2. Linear Scleroderma, which usually appears on upper and lower limbs but also on the forehead causing deformities in the form of “sword blows” and permanent alopecia on the infected area of the scalp.
3. Guttae Scleroderma or white atrophic lichen in the form of scleroderma.
B) Diffuse Scleroderma
It more frequently infects women between 35 and 50 years of age, but it can also appear at any age. In its most common form, the ailment commences as sclerodactyly. The skin of the fingers gets thinner with time and the fingers themselves become more acute, suffer immobility of the distal phalanx or necrosis and absorption of the nail bearing phalanx.

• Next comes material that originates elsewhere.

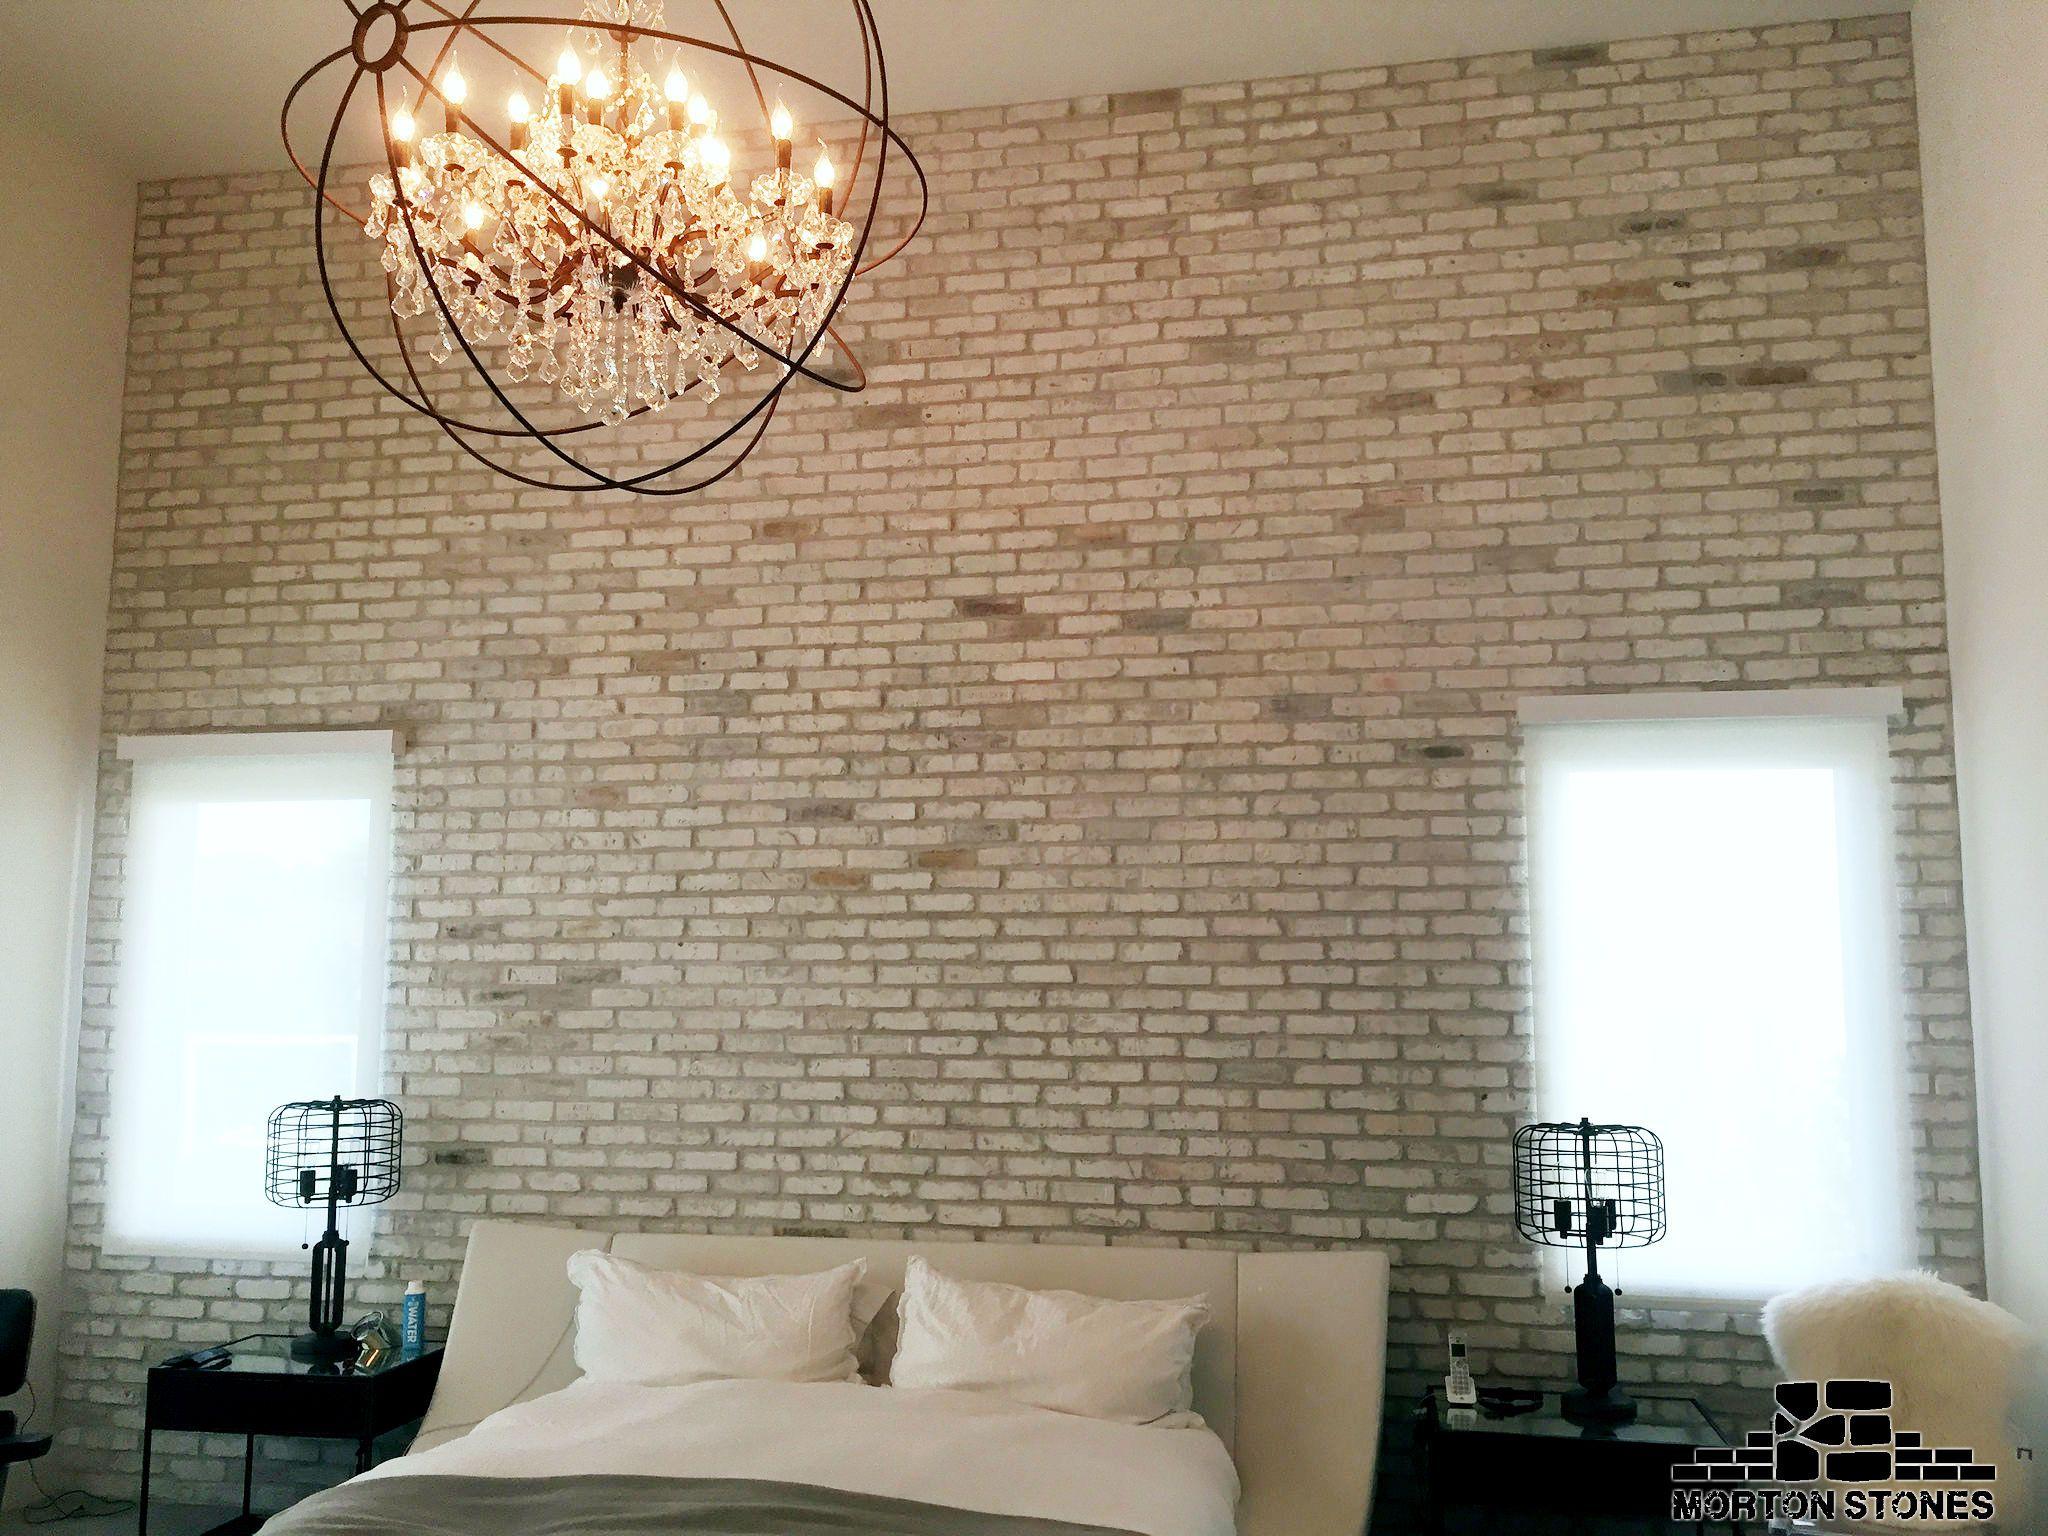 The White Brick Wall Transforms The Bedroom Into A Cozy Retreat Mortonstones Brick Tiles Rustic Home D White Brick Walls Fireplace Remodel Brick Veneer

Simultaneously sclerosis of the subcutaneous layer of the upper limbs develops, which gradually makes its way towards the neck, the torso and the face. Similar symptoms develop on the toes, extend through the calf and force patients to move in small steps. The face turns immobile, deprived of expression, the skin taunted and attached to the bones below. The tip of the nose turns acute; the lips wrinkle with vertical folds, the mouth opens hard and in a limited fashion.
The disease affects all tissues and organs containing collagen, particularly the alimentary canal, the lungs, the heart and the kidneys. It develops in a slow rate and finally results in death.